No one called me that except . . . I looked up with blurry vision and blinked and blinked again. Helen/Lois stood near the kitchenette, getting cuffed by two cops at her sides.
I blinked one more time to make sure I was seeing what I thought I saw.
Joey had taken off his hair. Not really taken it off leaving him bald, but uncovered more hair. He actually had dark, black hair now. Maybe another wig. Who changed wig colors mid-shooting? I had to blink again. His mustache was gone. I looked to see his “old man’s” suit on, but this sure as hell wasn’t any old man holding me.
He wiped a cloth across my bullet-riddled arm. Okay, it was only grazed, but shot in the line of duty had to be worth something.
His gentle touch took me by surprise.
“You. You’re Joey?”
“Who else could make sure all the old geezers didn’t hit on Peggy?”
Yikes.
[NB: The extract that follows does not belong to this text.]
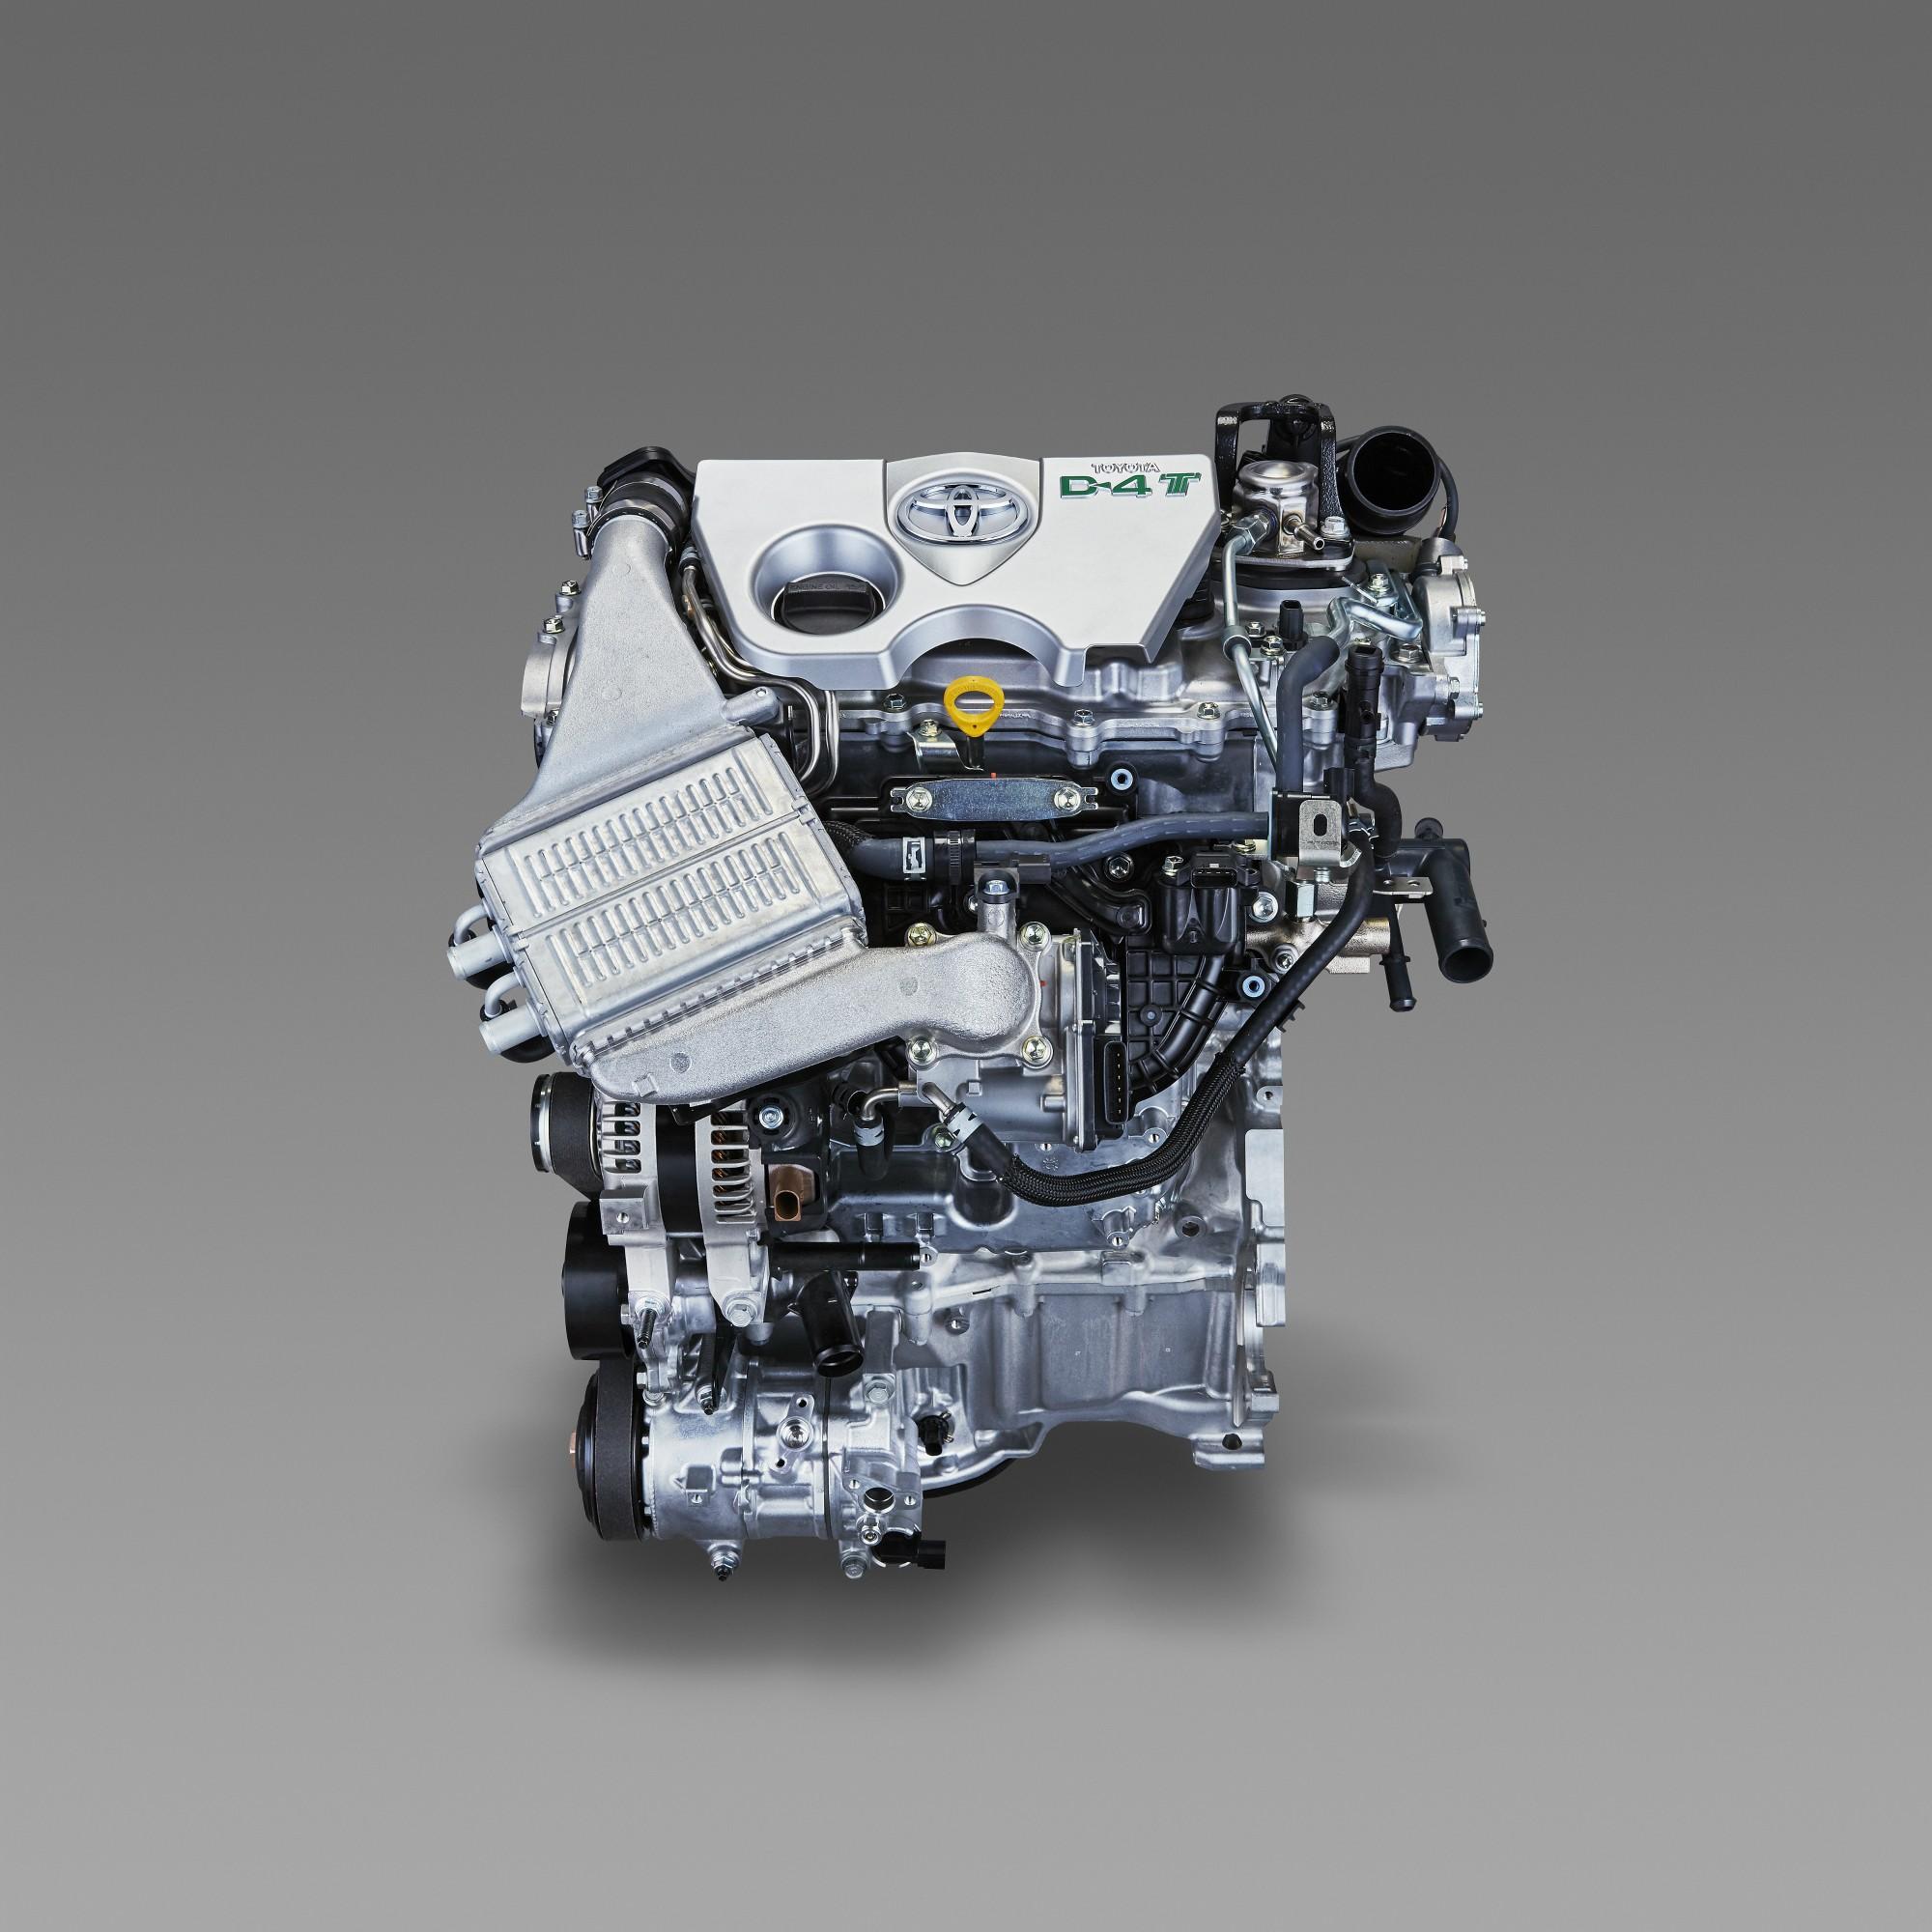 2015 Toyota Camry Hybrid Mpg Toyota 8NR-FTS 1.2L Turbo Engine Detailed - autoevolution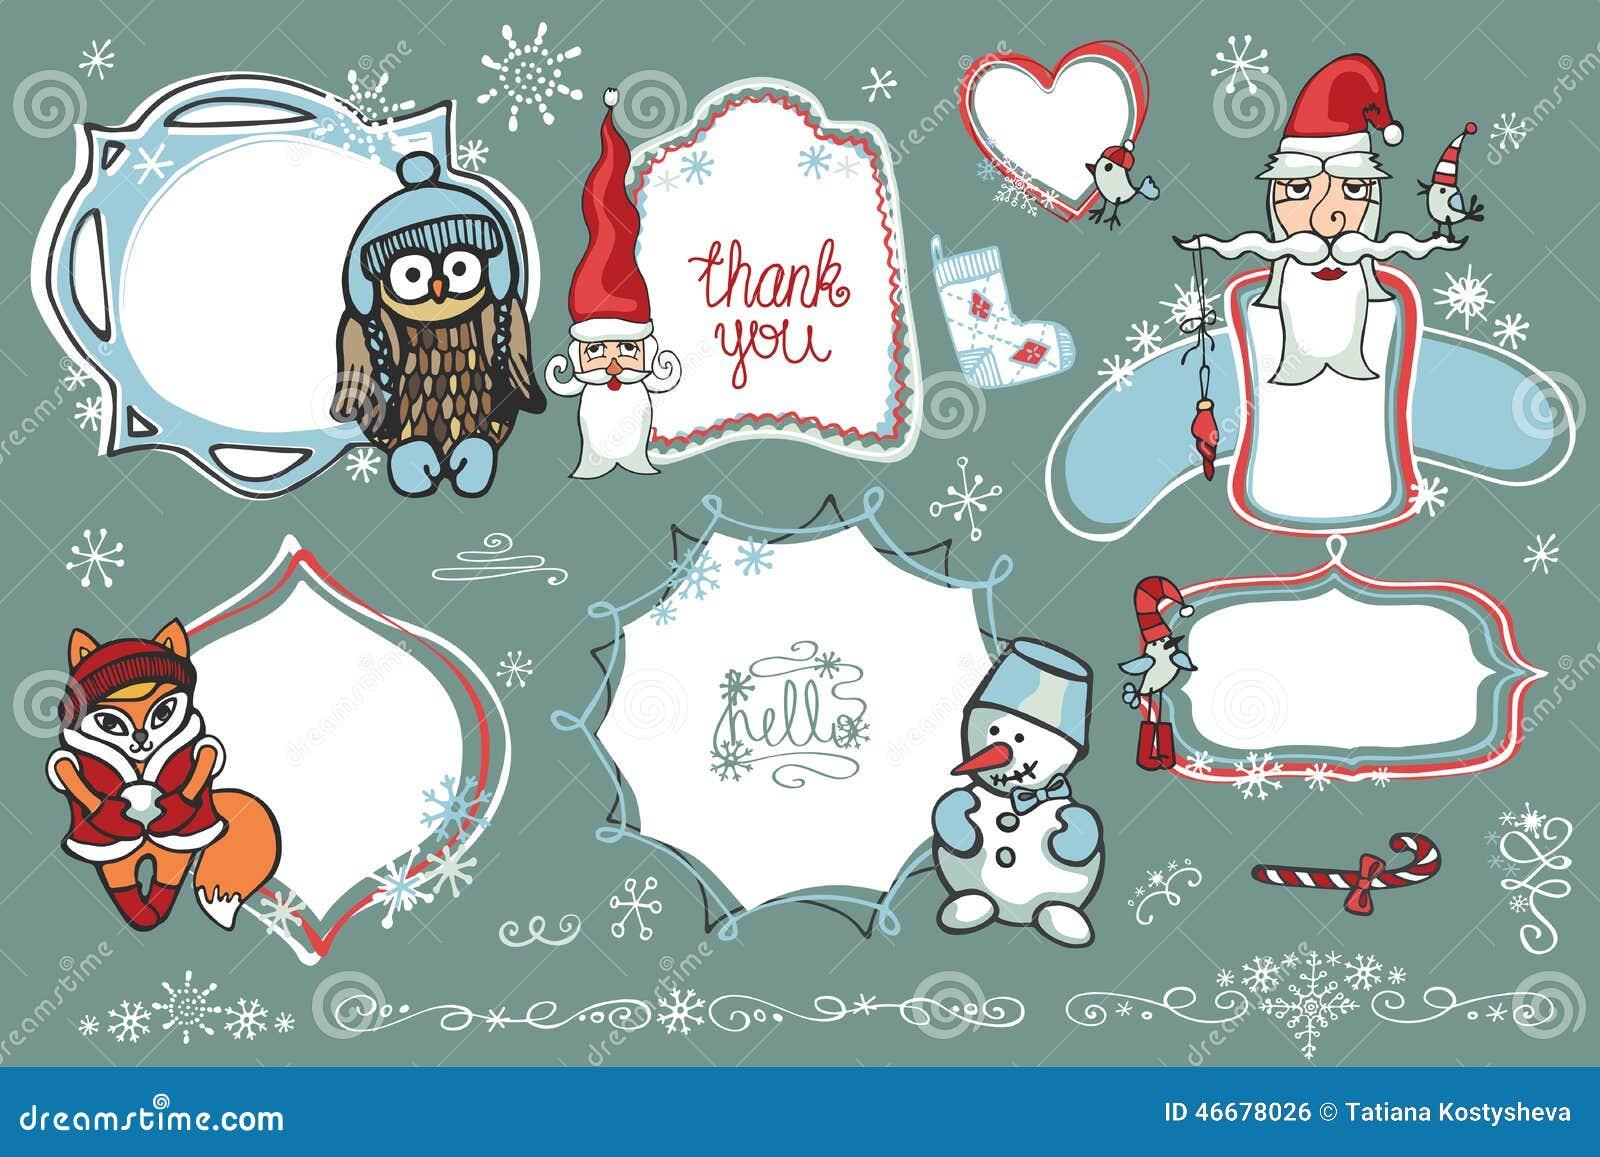 humor christmasnew year setfor design templatesinvitationscard childrens hand drawing style winter vector

That’s why “Joey” acted so weird, almost possessive of me around Nick. Even in my fog of being shot, I wanted to ask him if we had . . . you know . . . that night in the shed, but oh, well. There was that time-and-place thing again. Waiting for an ambulance didn’t seem the time to talk about sex. What could one more mystery about Jagger hurt?
He lifted my head and stuck his jacket under it.
Nice touch.
“She was a real looker that Peg.” Fabulous Jagger-grin.
“Oh, God. Take me now,” I mumbled. If only embarrassment were a means to suicide I’d be growing wings right now.
Jagger shook his head, oh-so very Jaggerlike. Warmed me inside. Then, he wiped my arm again and whispered, “You did good, Sherlock. Real good. You just might make it after all.”
Excerpt from One Dead Under The Cuckoo’s Nest
And don’t miss Lori Avocato’s next thrilling Pauline Sokol Mystery,
ONE DEAD UNDER THE CUCKOO’S NEST.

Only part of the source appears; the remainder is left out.